По воскресеньям капитан Варен, командовавший ротой Гранжа, часто приглашал его на обед в Мориарме. Иногда его подвозили на грузовичке; в погожие дни, скорее чем занимать велосипед в Фализах и на протяжении трех миль трястись по руслу раздробленных камней, он предпочитал спускаться пешком; впрочем, он благословлял эту скверную дорогу – она развязывала ему руки и наполовину отрезала Крышу от обитаемого мира. Он пускался в путь ранним утром; приближаясь к Эклатри, он прислушивался к колоколам Мориарме, оглашавшим долину после окончания торжественной мессы: их тонкое звучание, терявшееся в гигантском лесистом амфитеатре, нравилось ему, как полузабытый приветственный жест; этот звон никогда не достигал безмолвной Крыши. Офицеров обеих рот – первая и третья питались вместе – он заставал за аперитивом; в одном окне виднелся Мёз цвета гудрона у подножия лесных выступов, в другом – площадь перед церковью, где разряженные группы, уже заметно поредевшие, распадались перед дверью кондитерской. За столом царила шумная и немного нарочитая сердечность; было ясно, что воскресенья капитана Варена, время от времени собиравшие лесников, затерянных в своих бетонных блоках на границе, имели какое-то отношение к поддержанию корпоративного духа. Капитан Маньяр, командовавший третьей ротой, был весь как на ладони: бойкий блондин – так и хотелось назвать его «блондинчиком» – с амурно-синими глазами любителя залезть под юбку, следящий за собой; он производил впечатление человека, затянутого в корсет, как офицеры времен Дела [7]7
Имеется в виду дело Дрейфуса.
[Закрыть], и наделенного взрывной снисходительностью стрелка, переведенного в крепостной гарнизон; время от времени он публиковал небольшие патриотические сонеты в корпусной газете «Эхо с фронта», распространяемой в армии и прозванной «Провидец будущего»; когда его просили, он за десертом иногда угощал своей последней новинкой. Чувствовалось, что в день объявления войны он взял на вооружение казарменный тон – так продевают цветок в петлицу утром самого прекрасного дня в своей жизни, – но брак не состоялся, и цветок дурно пахнет для всех, кроме него. «Приказчик, вылезший из постели девки», – говорил себе Гранж, которого тот в высшей степени раздражал, когда за десертом в развязной манере смаковал какую-нибудь постельную историю расквартированной армии. У капитана Варена был отстраненный и немного отсутствующий вид, но время от времени, при какой-нибудь вздорной выходке, неожиданно поражавшей цель, в его прищуренных глазах меж ресницами вспыхивал на какие-то доли секунды, как лампочка в тире, живой луч; было очевидно, что он терпеливо сносит обед, а Маньяра – пуще всего остального. «От него ничего не ускользает, он нас оценивает», – рассуждал про себя несколько уязвленный Гранж; но ему не было неприятно смущение, из-за Варена тяготившее всех за обедом: как присутствие кюре за свадебным столом, оно позволяло избежать худшего. Разговор был крайне убог, речи – как за табльдотом коммивояжеров; после того как сдвигали тарелки и хором горланили песни, на какое-то мгновение наступала тишина – и пыл угасал. Капитан Маньяр с комедийной прямотой покровительствовал резервистам и молодым аспирантам; похлопывая по плечу и фамильярно пуская дым в лицо, он их «наставлял».
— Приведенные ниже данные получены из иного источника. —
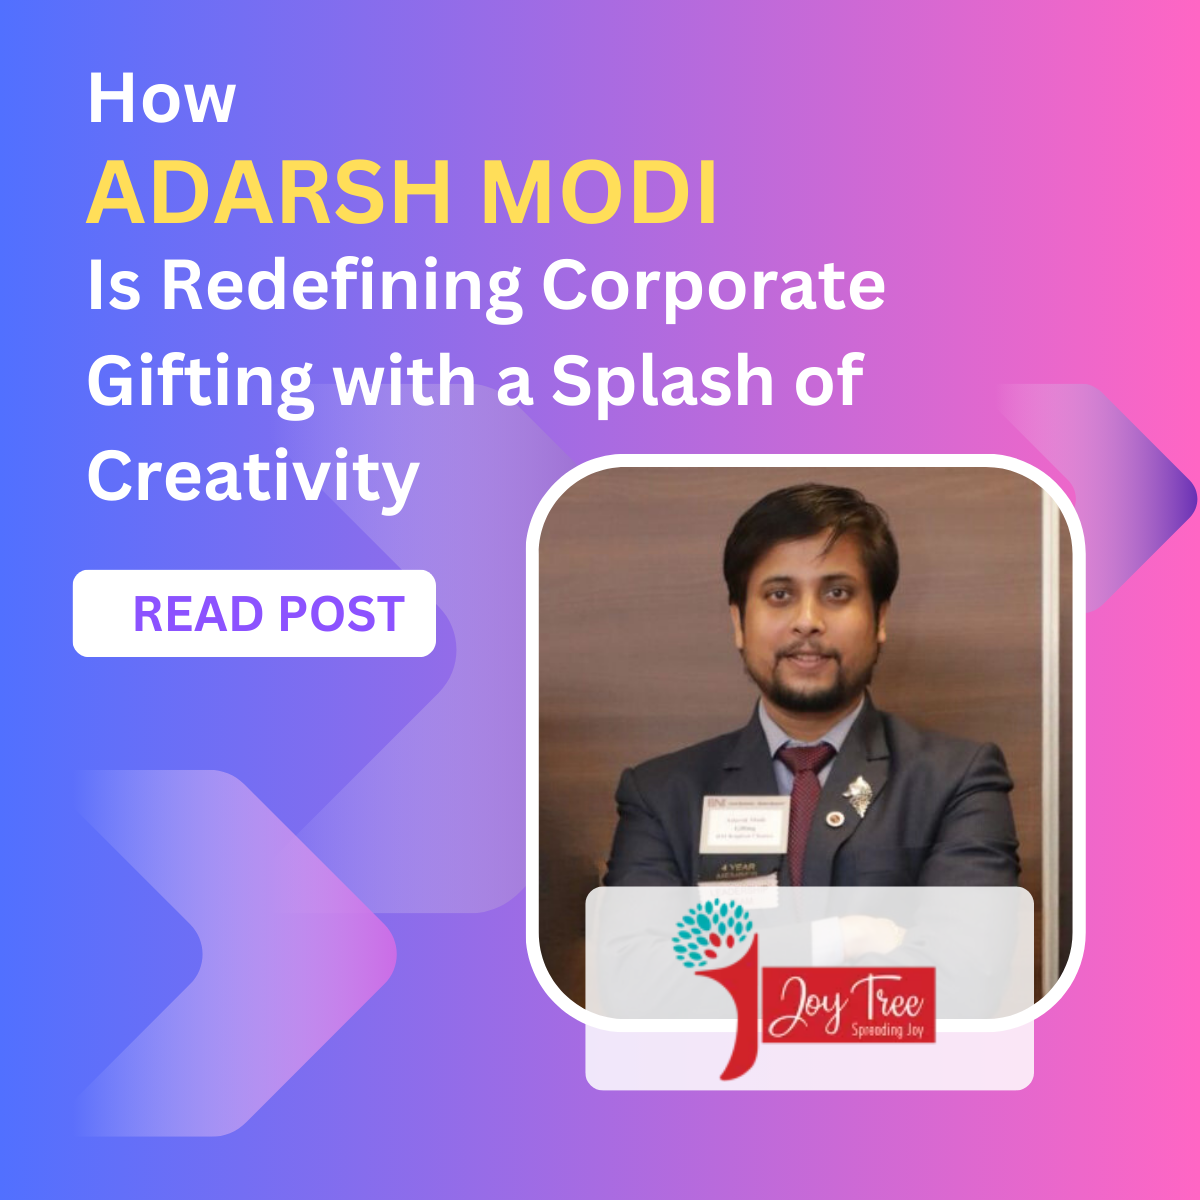 Redifing corporate gifting with a splash of creativity

– К полковнику? Ты получишь втык… хошь не хошь,малыш, – внезапно прорезался в углу его гнусавый, как флейта, голос на арго, от которого так и пахло свежей краской. Пили много. «Каждый из присутствующих здесь лучше, чем хочет казаться, – думал про себя Гранж, сильно раздражаясь, – отцы семейства в борделе».
В окне Мёз медленно менял свою окраску, мрачнея и угасая под тенью скал; томительная и праздная скука провинциального воскресенья сочилась, несмотря на войну, сквозь оконные рамы; в воздухе висел запах перно, затхлого табачного дыма и тяжелой снеди. Здесь явно что-то передразнивалось, но что? В минуты тишины сотрапезники смотрели в окно на детей, которые после урока катехизиса выстраивались на площади, собираясь к вечерне.
– Хватит разговоров о службе! – гнусавила жеманная флейта захмелевшего капитана Маньяра. – Поговорим о бабах.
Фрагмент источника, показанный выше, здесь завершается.